- Born: 1982 (age 43–44)
- Education: Manukau School of Visual Arts
- Occupations: Artist & curator
- Organization(s): Founder of Fresh Gallery and Vunilagi Vou galleries in Auckland
- Known for: Advocacy of Pacific art and artists

= Ema Tavola =

Fijian-born New Zealand curator and artist (born 1982)

Ema Tavola (born 1982) is a Fijian-born New Zealand artist, curator, arts manager and advocate using art to centralise 'Pacific ways of seeing'.

==Early life and family==
Tavola was born in Fiji. Her father is from Dravuni in the Kadavu province of Fiji. Her mother is a third generation Pākehā from Palmerston North in New Zealand. While she was growing up she also lived with her family in London and Belgium. As a teenager they moved to Wellington, New Zealand and she attended Wellington High School.

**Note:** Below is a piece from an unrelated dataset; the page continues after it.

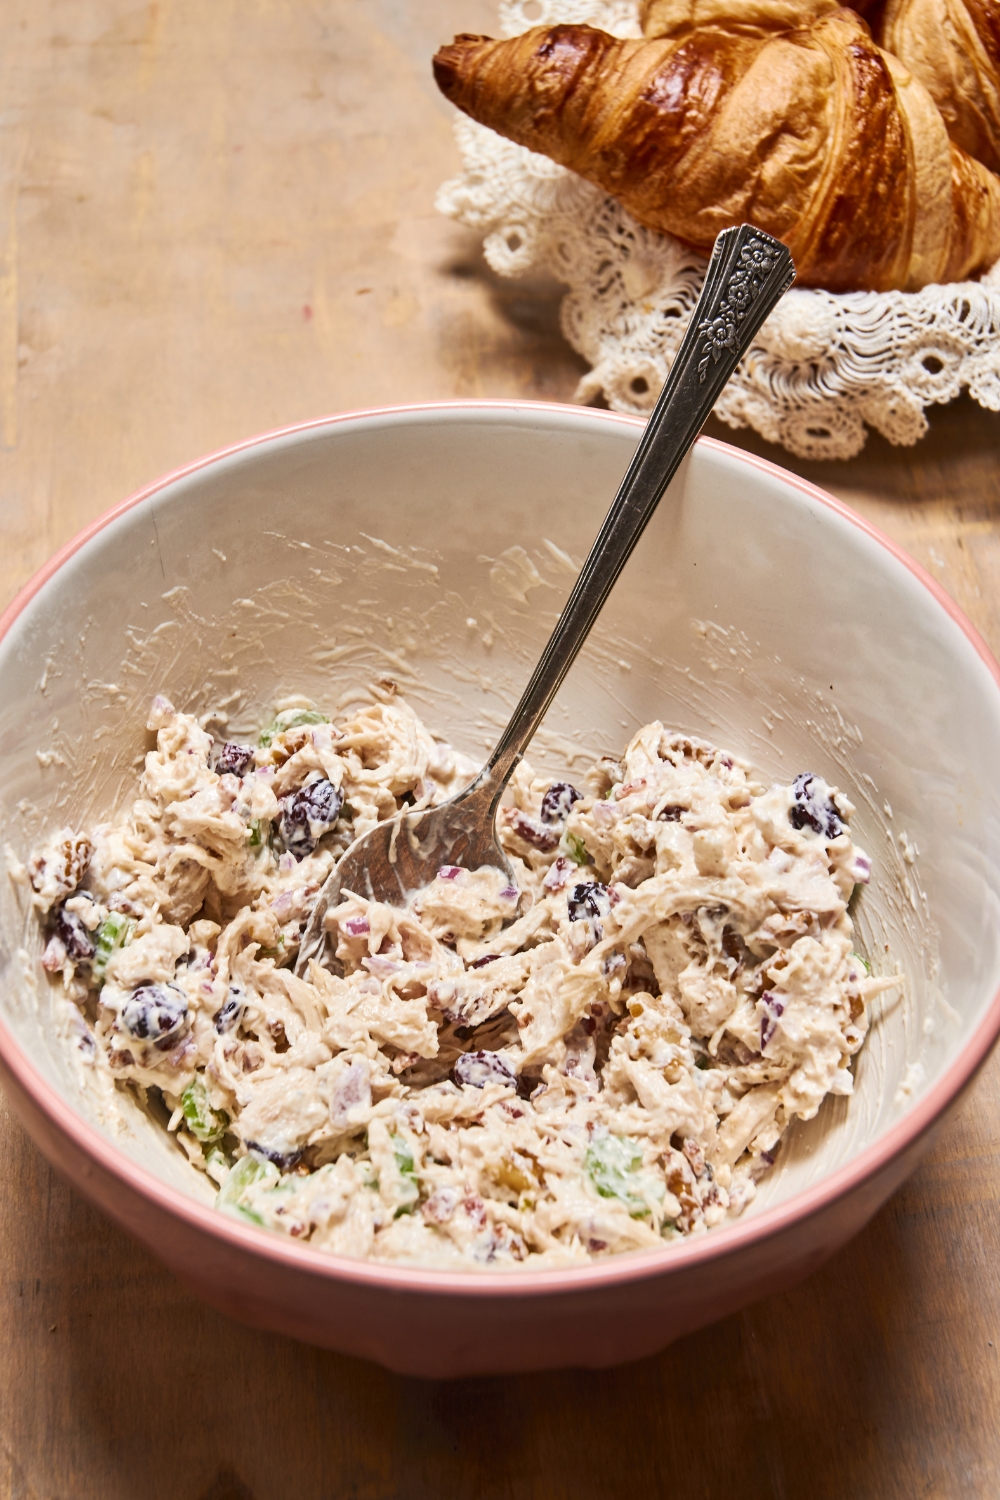 A gray bowl is full of chicken salad filling. A spoon is in the bowl as well.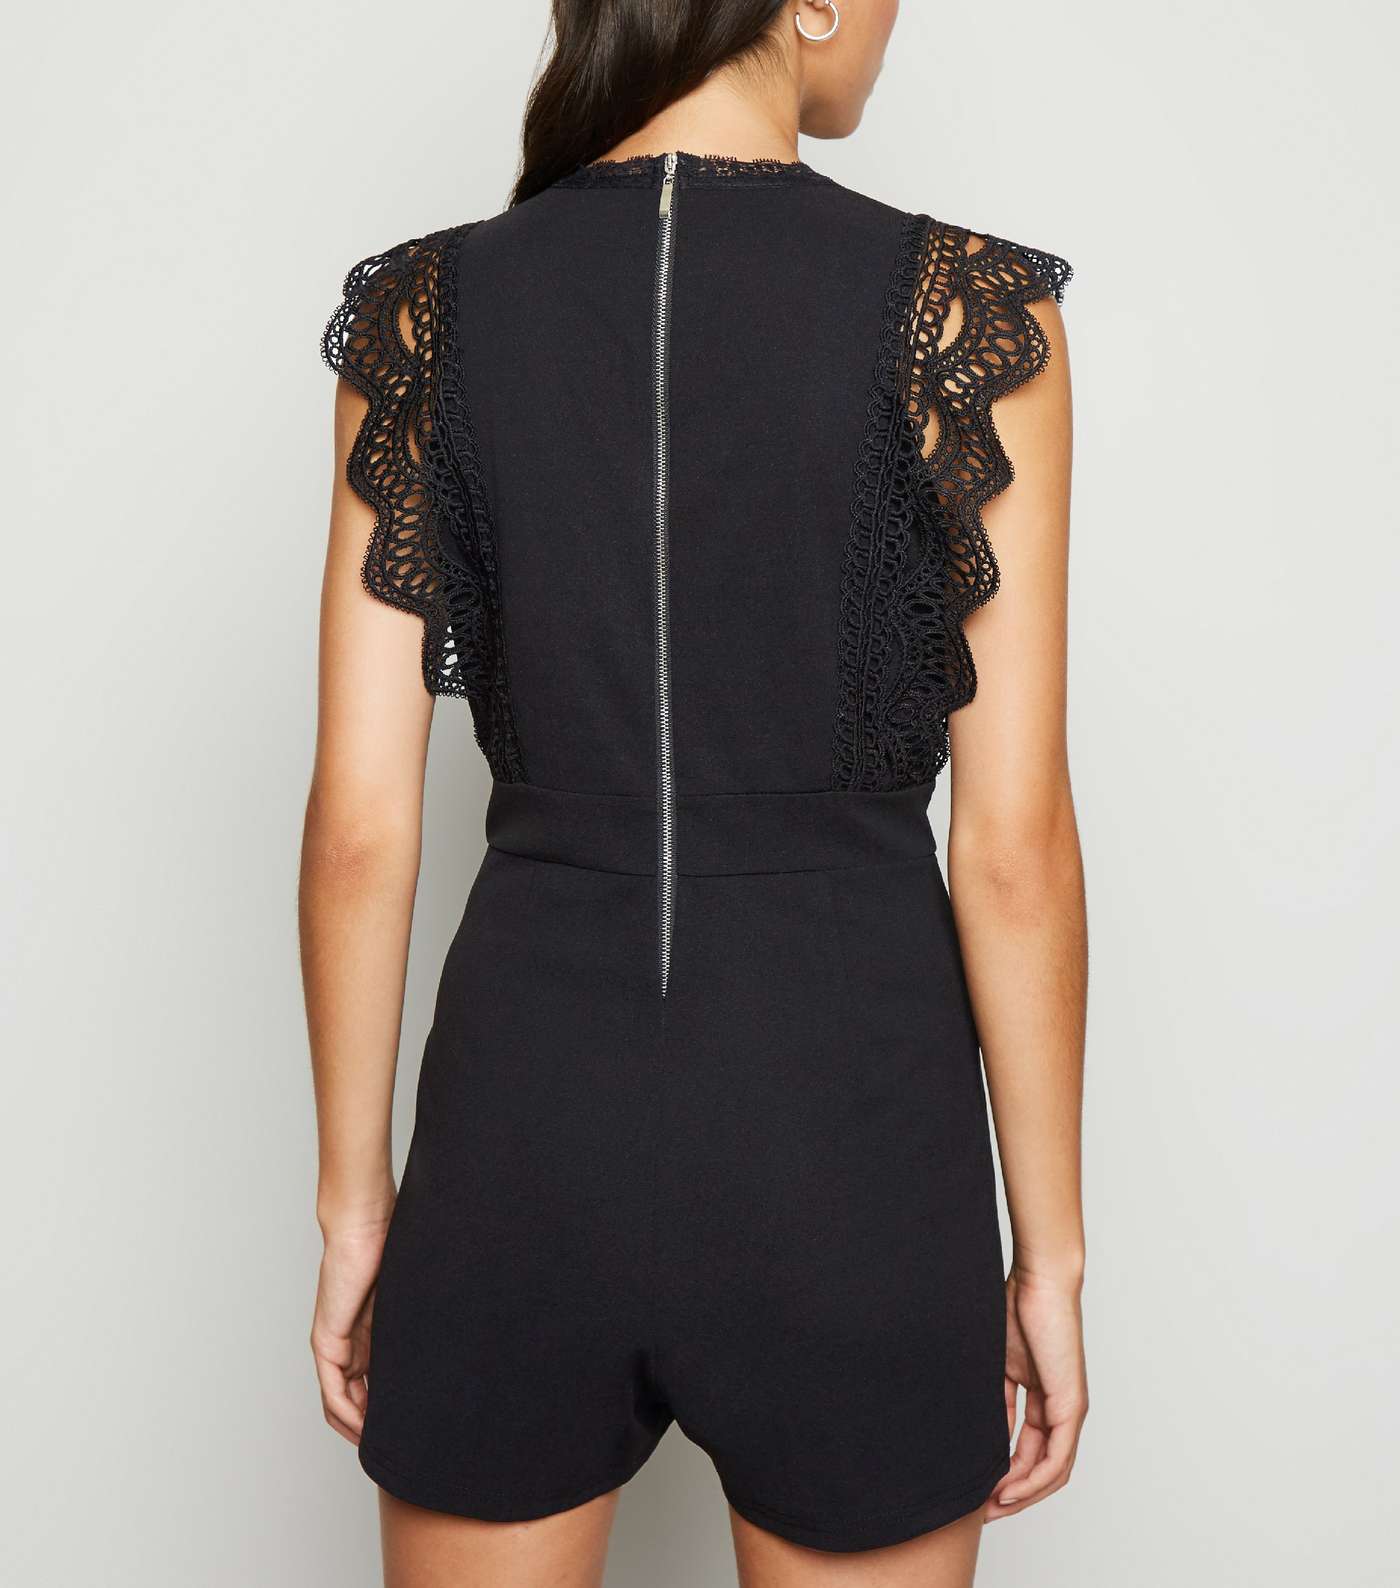 Cameo Rose Black Lace Crochet Sleeve Playsuit Image 3

After high school Tavola was having a gap year in Fiji and experienced the 2000 Fiji civilian coup.

==Education and career==
Returning to New Zealand, Tavola went on to study a Bachelor of Visual Arts from Manukau School of Visual Arts at Manukau Institute of Technology, and got a job with Manukau City Council after graduating.

In 2006 she founded the Fresh Gallery in Ōtara, Auckland as a partnership with Manukau City Council and the local community. In 2013 it re-opened after expansion.

==Artistic career==
Tavola has speaking engagements at conferences and other places. In 2019 she was a guest speaker at Para Site International Conference, Hong Kong, the Singapore Art Book Fair for NTU Centre for Contemporary Art (Singapore) and Spinning Triangles: Ignition of a School of Design for SAVVY Contemporary (Berlin, Germany / Kinshasa, Democratic Republic of Congo).

In 2019 Tavola opened an independent art gallery called Vunilagi Vou, the gallery closed in 2023.

Tavola's artworks are held in Auckland Art Gallery.

== Curatorial work ==

- 2016 – Dravuni: Sivia yani na Vunilagi – Beyond the Horizon - New Zealand Maritime Museum
- 2017 – Kaitani – The Physics Room (New Zealand)
- 2018 – A Maternal Lens – 4th International Biennial of Casablanca (Morocco)
- 2018 – Dravuni: Sivia yani na Vunilagi – Beyond the Horizon - Oceania Centre for Arts, Culture and Pacific Studies, University of the South Pacific (Fiji)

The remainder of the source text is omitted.